Task details:
The whole listing, apart from its images, should be restated word for word.

Data extract:
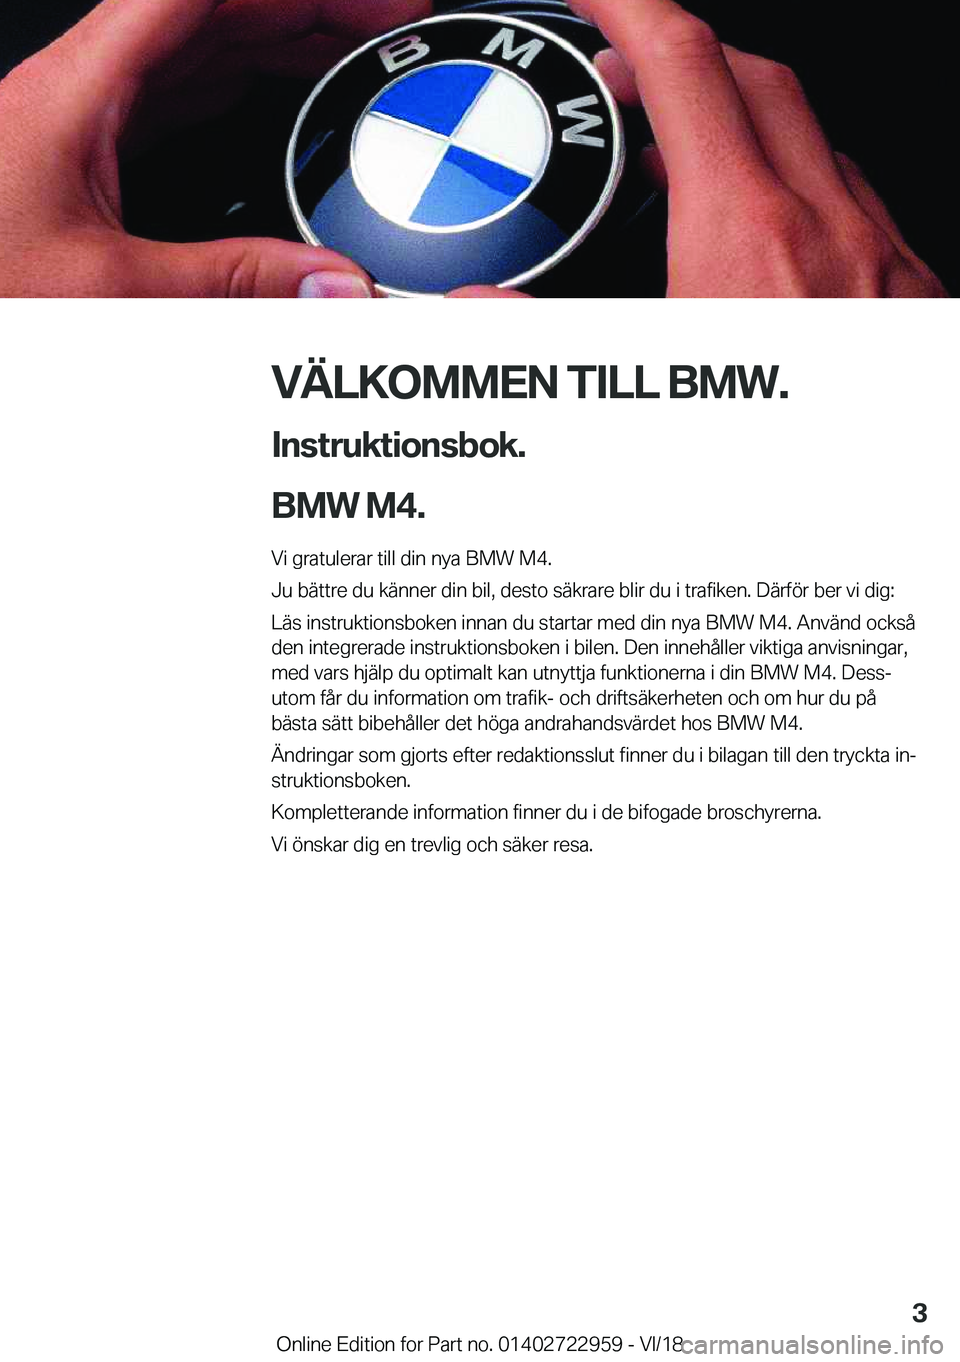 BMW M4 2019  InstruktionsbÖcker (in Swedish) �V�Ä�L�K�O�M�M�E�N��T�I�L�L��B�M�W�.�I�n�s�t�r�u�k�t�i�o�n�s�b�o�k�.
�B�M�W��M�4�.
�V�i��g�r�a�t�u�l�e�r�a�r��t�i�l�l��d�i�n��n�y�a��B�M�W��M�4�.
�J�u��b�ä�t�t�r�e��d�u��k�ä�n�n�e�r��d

Solved exercise:
 BMW M4 2019  InstruktionsbÖcker (in Swedish) �V�Ä�L�K�O�M�M�E�N��T�I�L�L��B�M�W�.�I�n�s�t�r�u�k�t�i�o�n�s�b�o�k�.
�B�M�W��M�4�.
�V�i��g�r�a�t�u�l�e�r�a�r��t�i�l�l��d�i�n��n�y�a��B�M�W��M�4�.
�J�u��b�ä�t�t�r�e��d�u��k�ä�n�n�e�r��d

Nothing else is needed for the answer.